I am having the same problem. Oil spilling all over the battery and beyond (Terrible design). I replaced the grommet with a new one, but it is still leaking like the president's diaper at the Vatican. Anyway, any chance you (or anyone) can guide me a little better on how to apply the plastic JB Weld? If I understand correctly, I need to remove, drain, clean, and dry the reservoir. Then scuff up the plastic around the outside of the hole and apply the JB. Is the goal to just make the hole a little smaller so that the rubber grommet has a tighter fit? That seems to make sense, but how narrow am it trying to make it? The grommet still has to fit in it. Or are we trying to make the grommet adhere to the tank so that the connection is no longer slightly flexible? I don't think we would want it "glued" together as it is supposed to allow for the play/vibration of the hose while in use. My goal is is do both methods suggested in this thread as this 15w-50 stuff ain't cheap and I'm not trying to continue on having the most lubricated battery. I will align the hose and secure with zip ties,w but I also want to make sure that I properly do the JB fix. Thanks for any help.

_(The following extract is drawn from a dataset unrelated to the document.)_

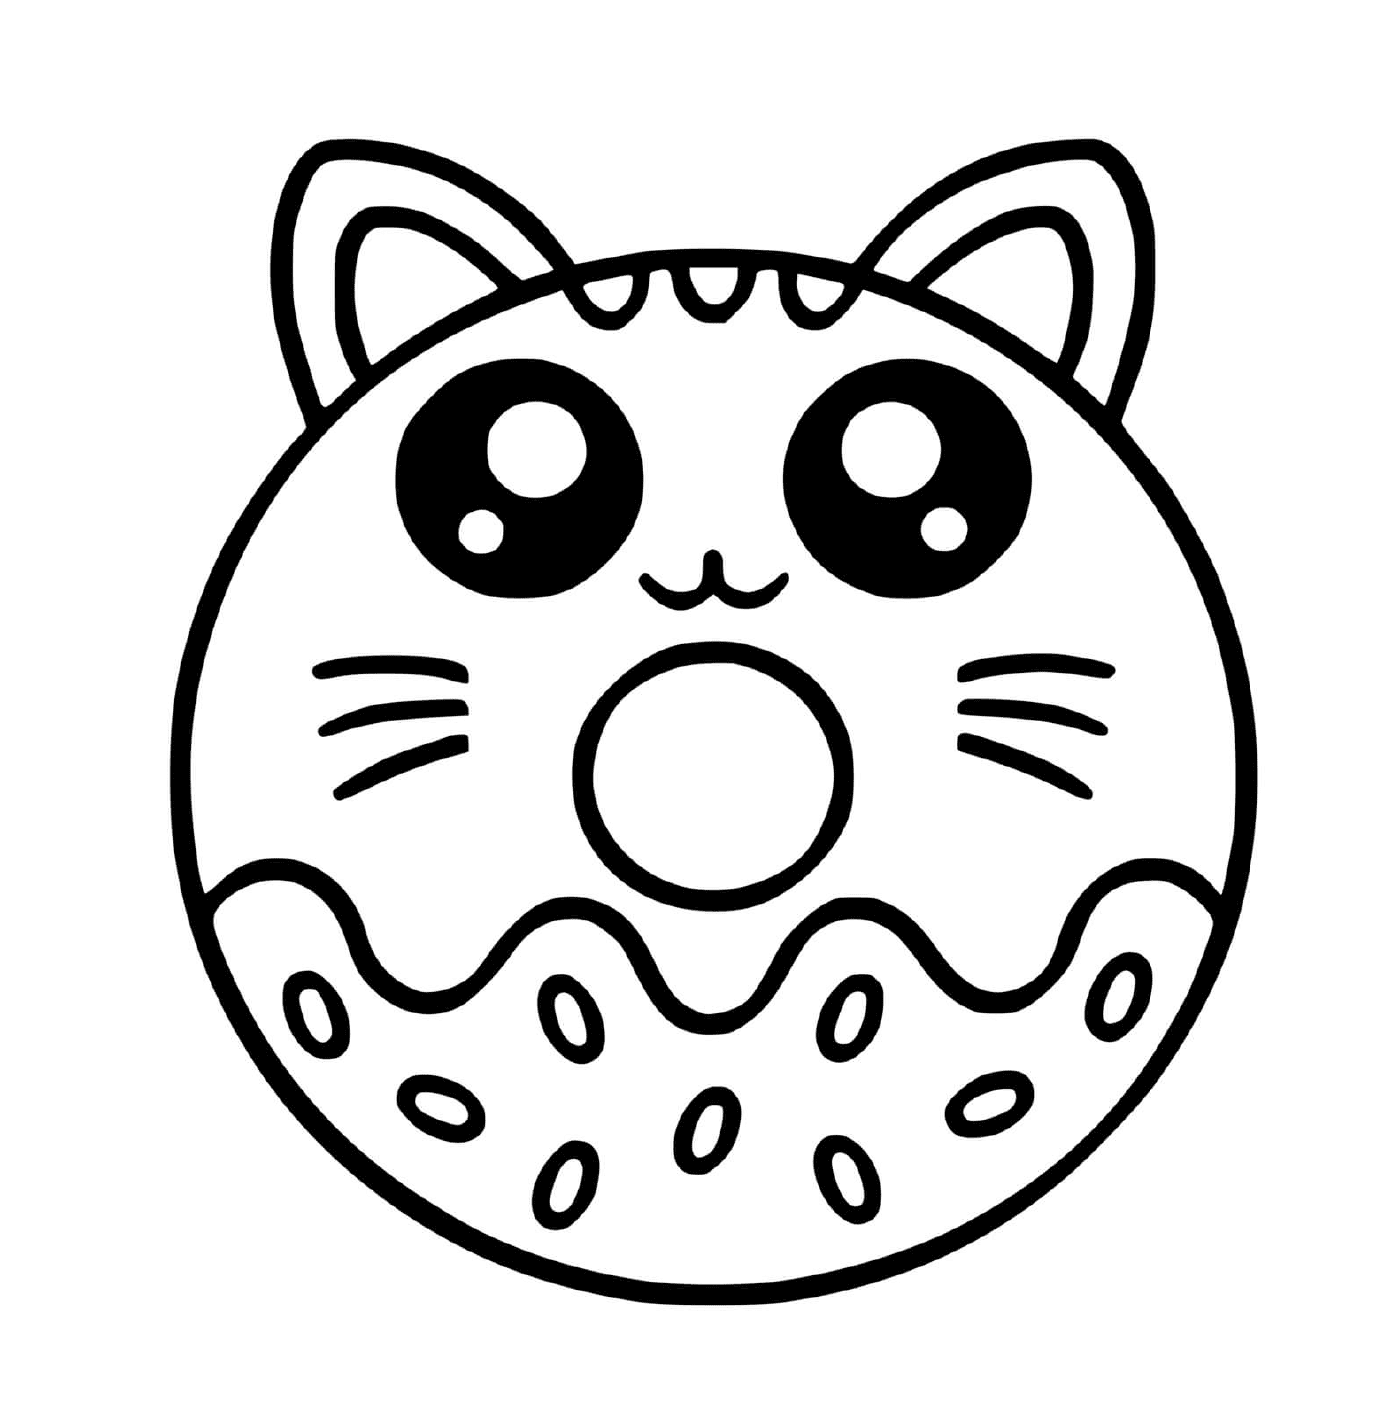  A donut with a cat face

Ferris IS1500Z Model 5900607 Regarding 5061712 oil reservoir with 5023121 Grommet leak


#23

PTmowerMech

PTmowerMech

I am having the same problem. Oil spilling all over the battery and beyond (Terrible design). I replaced the grommet with a new one, but it is still leaking like the president's diaper at the Vatican. Anyway, any chance you (or anyone) can guide me a little better on how to apply the plastic JB Weld? If I understand correctly, I need to remove, drain, clean, and dry the reservoir. Then scuff up the plastic around the outside of the hole and apply the JB. Is the goal to just make the hole a little smaller so that the rubber grommet has a tighter fit? That seems to make sense, but how narrow am it trying to make it? The grommet still has to fit in it. Or are we trying to make the grommet adhere to the tank so that the connection is no longer slightly flexible? I don't think we would want it "glued" together as it is supposed to allow for the play/vibration of the hose while in use. My goal is is do both methods suggested in this thread as this 15w-50 stuff ain't cheap and I'm not trying to continue on having the most lubricated battery. I will align the hose and secure with zip ties,w but I also want to make sure that I properly do the JB fix. Thanks for any help.

Ferris IS1500Z Model 5900607 Regarding 5061712 oil reservoir with 5023121 Grommet leak

The last one I did, I replaced the reservoir. But kept the old one around just to tinker with. I took a pretty good size bolt with a washer that just barely fit into the hole where the grommet went. Then heated up with a heat gun (slowly and gently) and just sort of pulled it straight on a couple of different places where it was warped. The guy I sold it to never came back to let me know if it worked or not. So I can only assume it did.